Biblische Betrachtung zu Mk 7,31-37

„In jener Zeit verließ Jesus das Gebiet von Tyrus  und kam über Sidon an den See von Galiläa, mitten in das Gebiet der Dekápolis.

Da brachte man einen Taubstummen zu Jesus und bat ihn, er möge ihn berühren. Er nahm ihn beiseite, von der Menge weg,

legte ihm die Finger in die Ohren und berührte dann die Zunge des Mannes mit Speichel; danach blickte er zum Himmel auf, seufzte und sagte zu dem Taubstummen:

Éffata!, das heißt: Öffne dich!

Sogleich öffneten sich seine Ohren, seine Zunge wurde von ihrer Fessel befreit, und er konnte richtig reden.
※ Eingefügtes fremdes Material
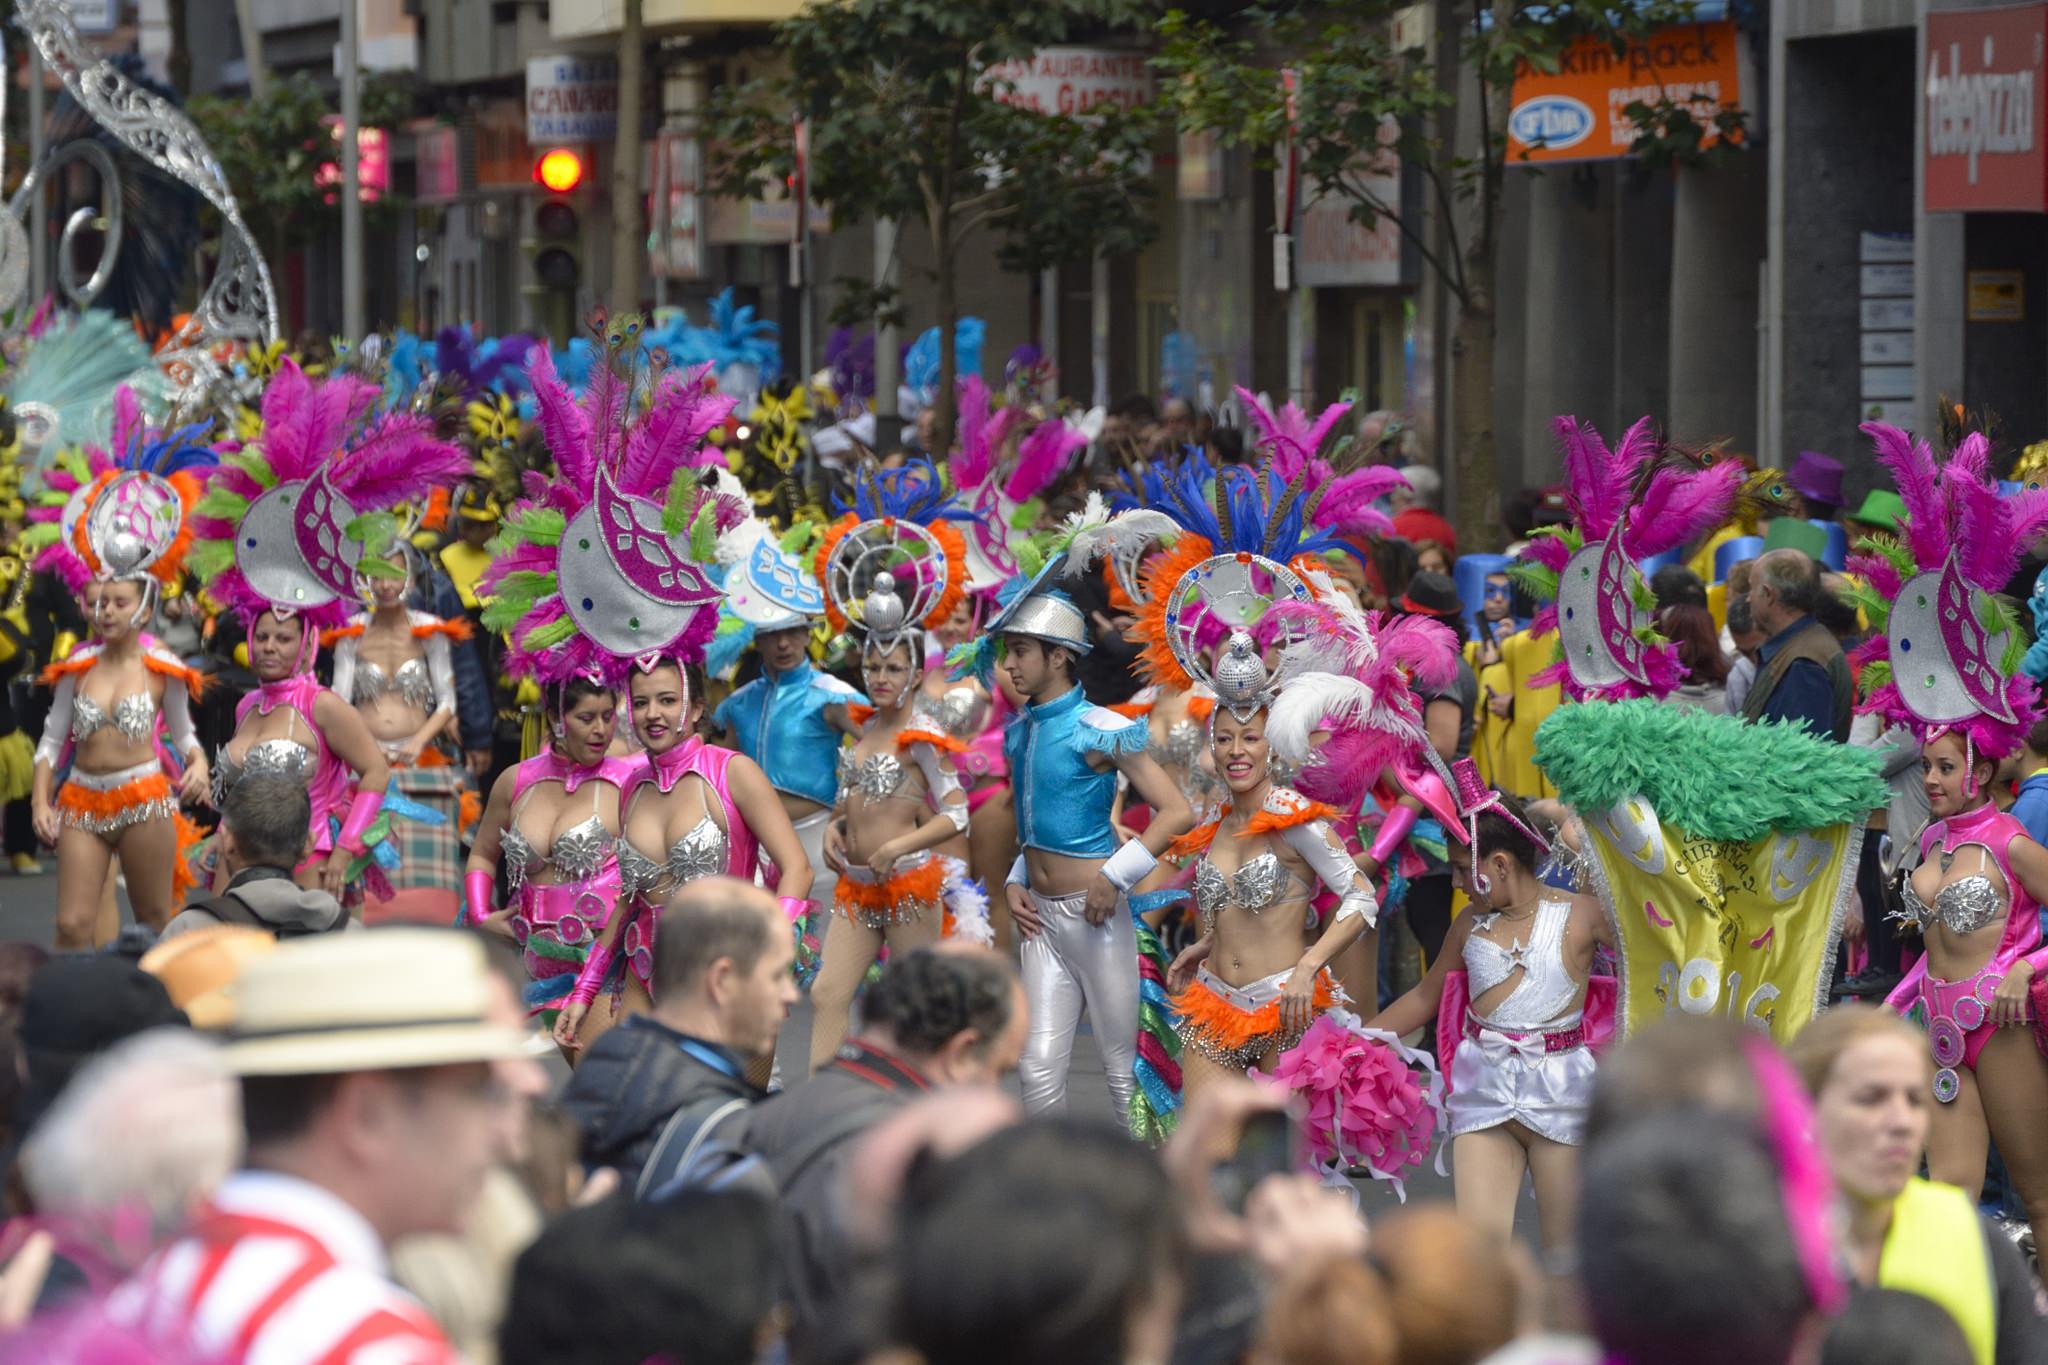 Sanidad pone en marcha una campaña para prevenir infecciones de transmisión sexual durante el Carnaval

Guten Morgen, liebe Zuhörerinnen und liebe Zuhörer.

Ein Bibeltext an diesem Sonntag, gleich zu Beginn.

Er begeistert mich immer wieder.

Und gerade diese Episode aus dem Markusevangelium

enthält für mich so viele Sinnbilder und hintergründige Botschaften.

Immer wieder mal greife ich

auf diesen neutestamentlichen Bibeltext zurück, schaue ihn mir an und mache mir meine Gedanken.

Stellen wir uns doch die Situation einfach nochmal vor:

Da kommt dieser Jesus aus dem Gebiet um den See Genezaret, in das Gebiet der Dekapolis,

das wäre zu Fuß mindestens eine Tagesreise in ein Gebiet, das im heutigen Jordanien liegt.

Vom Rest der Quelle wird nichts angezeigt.